WHAT THE EXERCISE ASKS:
For this exercise, the lines from the one with "Zapatos para bebs" through the end of the material below must be output exactly, without pictures.
***** INFORMATION PROVIDED
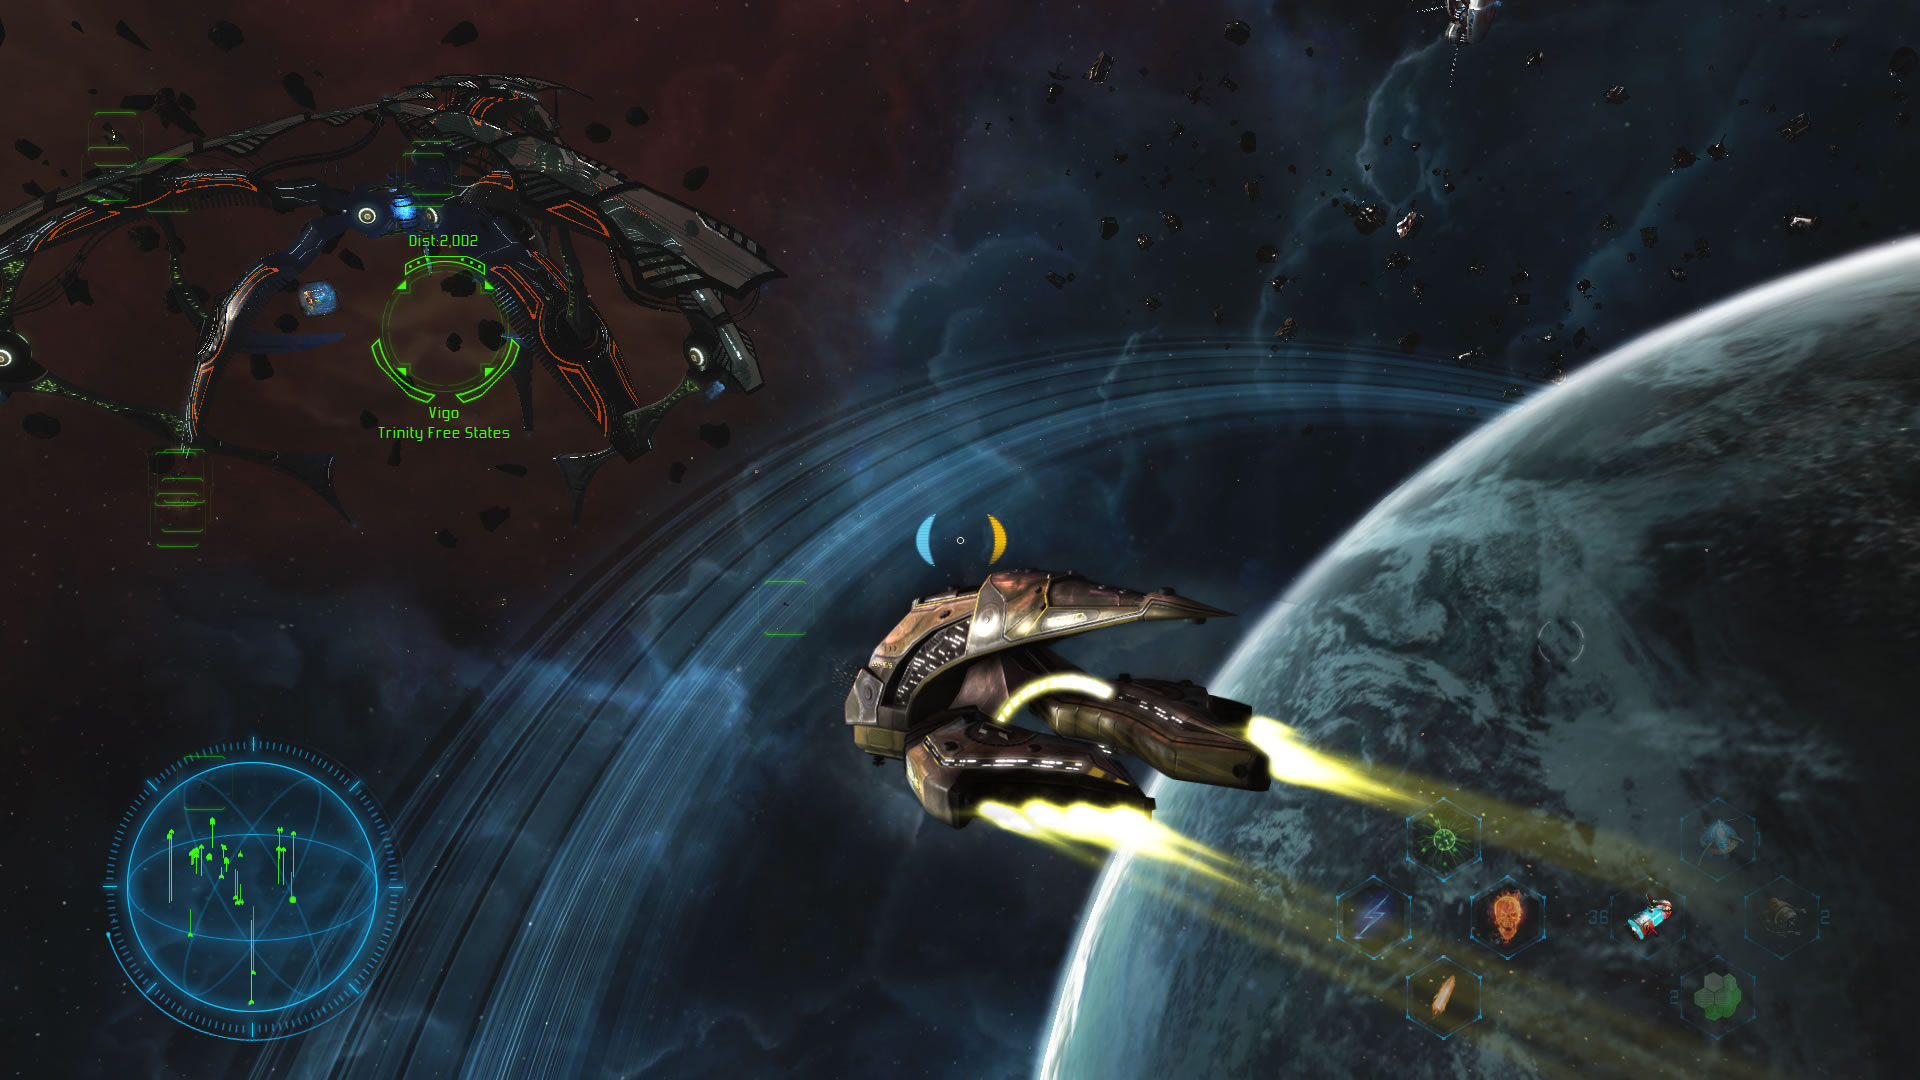 Starpoint-Gemini-2-Xbox-One-Screenshot-1
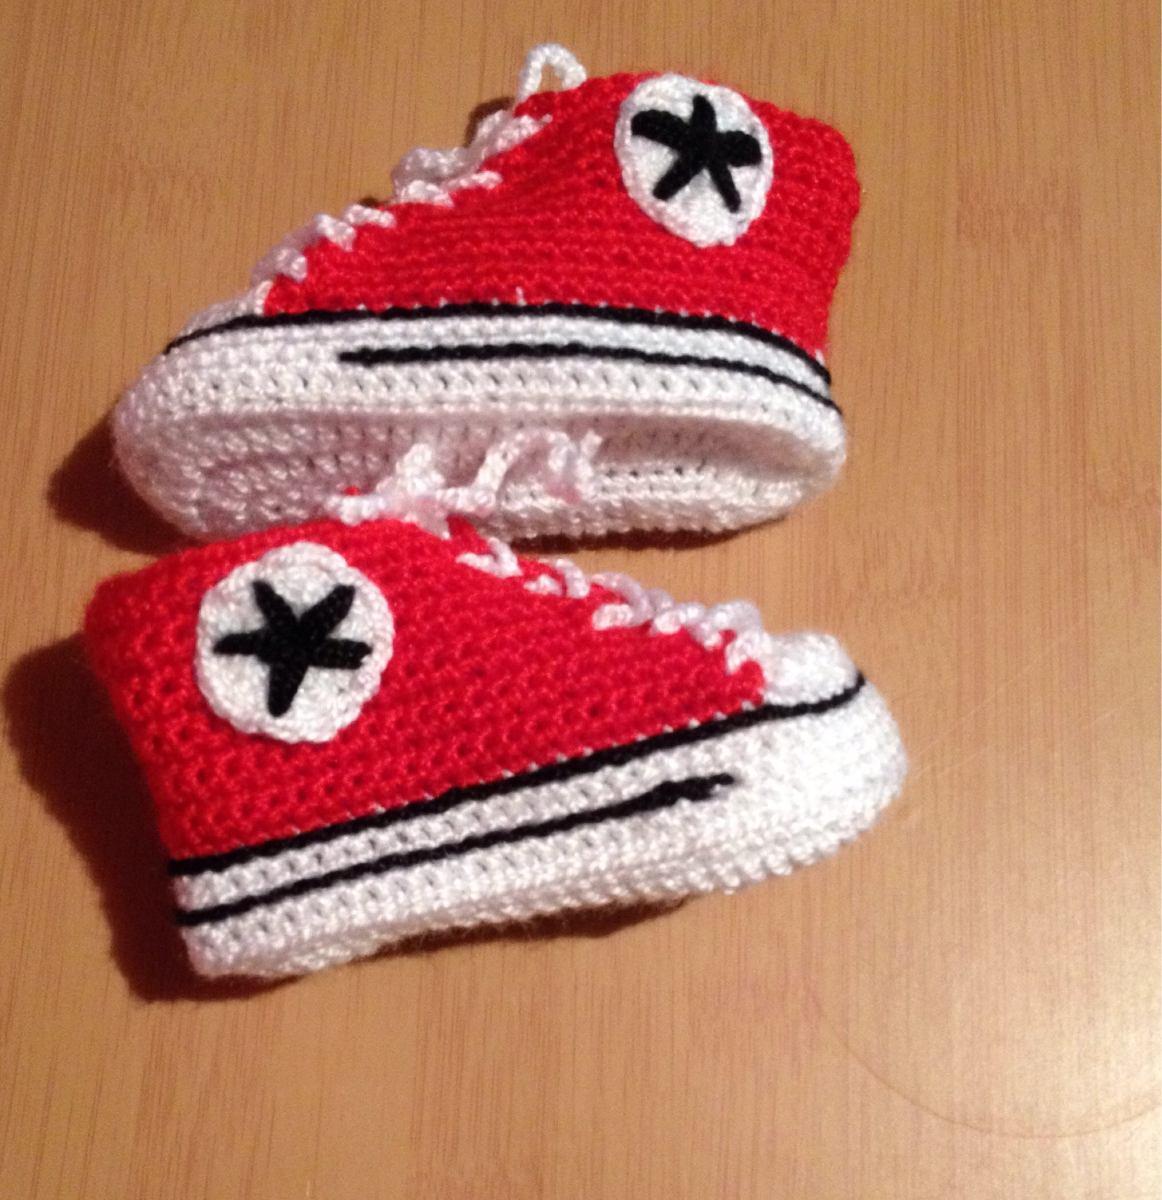 Zapatos para bebs en mercado libre chile zapatitos de bebe a crochet a pedido thecheapjerseys Choice Image
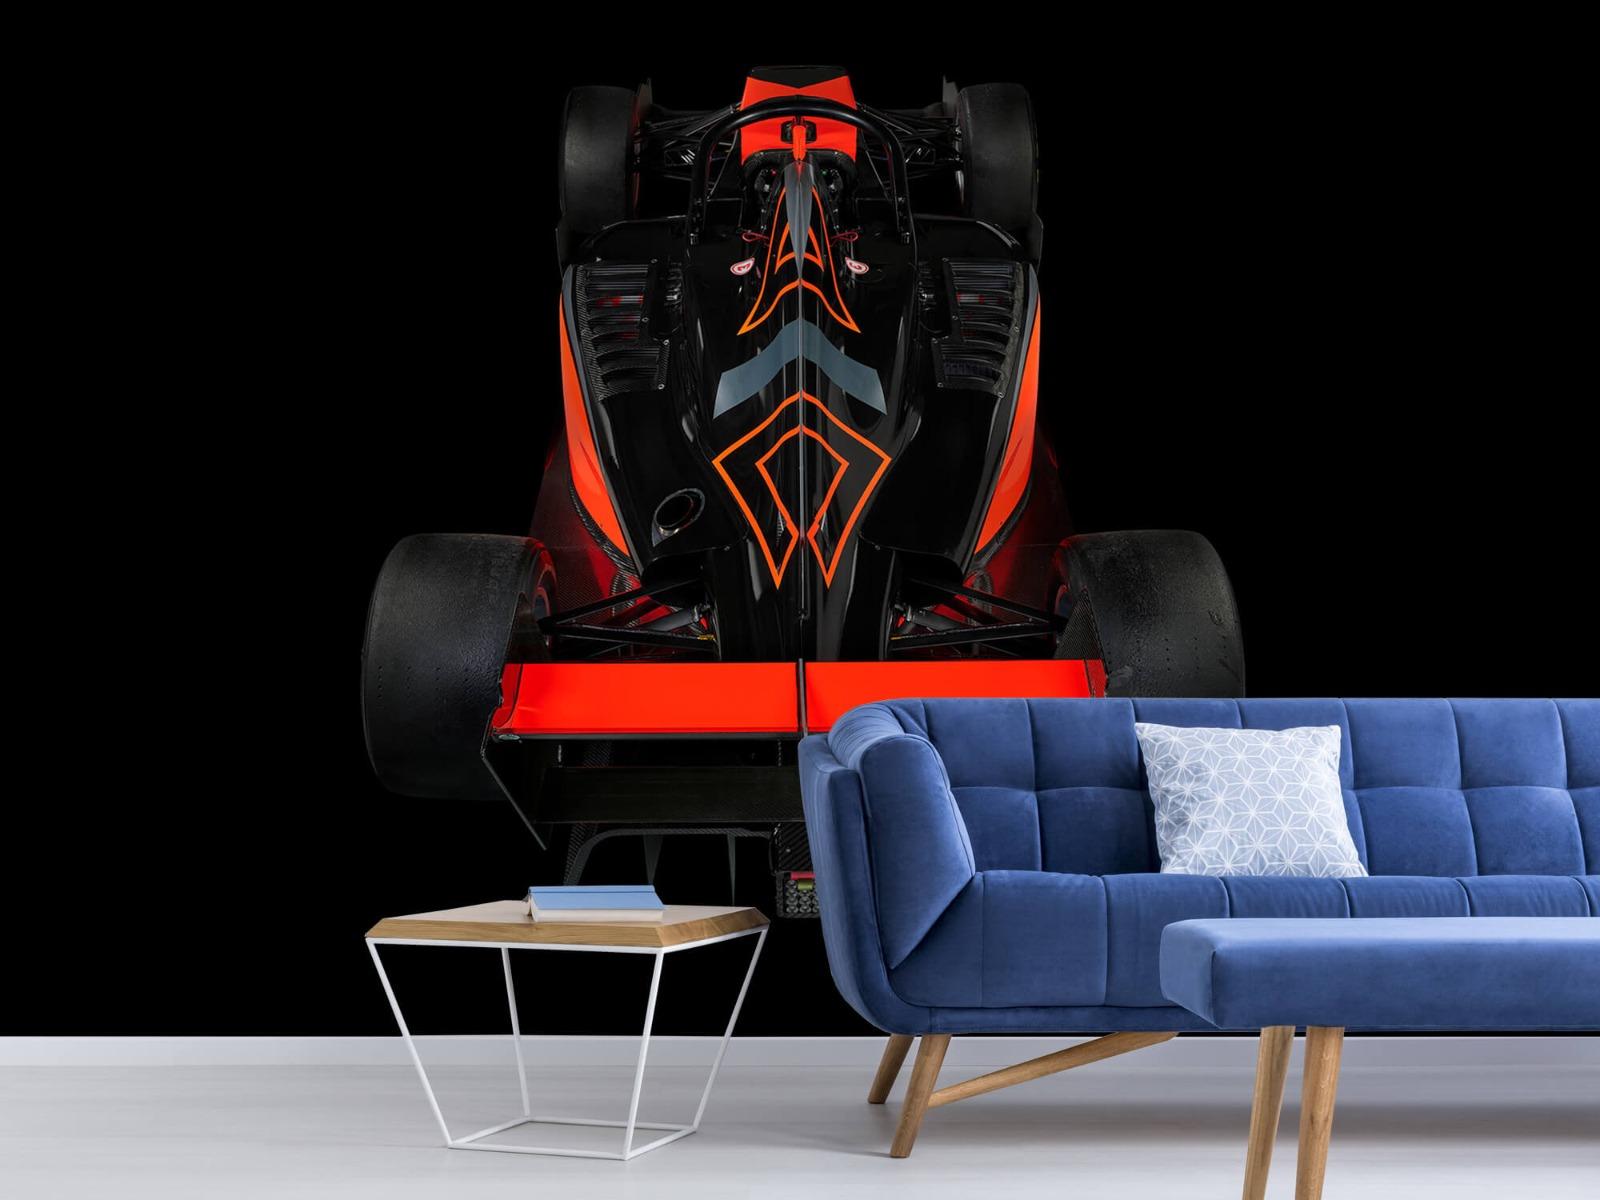 Sportauto's - Formule 3 - Rear view - dark - Tienerkamer 4
**********
WRITTEN RESPONSE:
 Zapatos para bebs en mercado libre chile zapatitos de bebe a crochet a pedido thecheapjerseys Choice Image
 Sportauto's - Formule 3 - Rear view - dark - Tienerkamer 4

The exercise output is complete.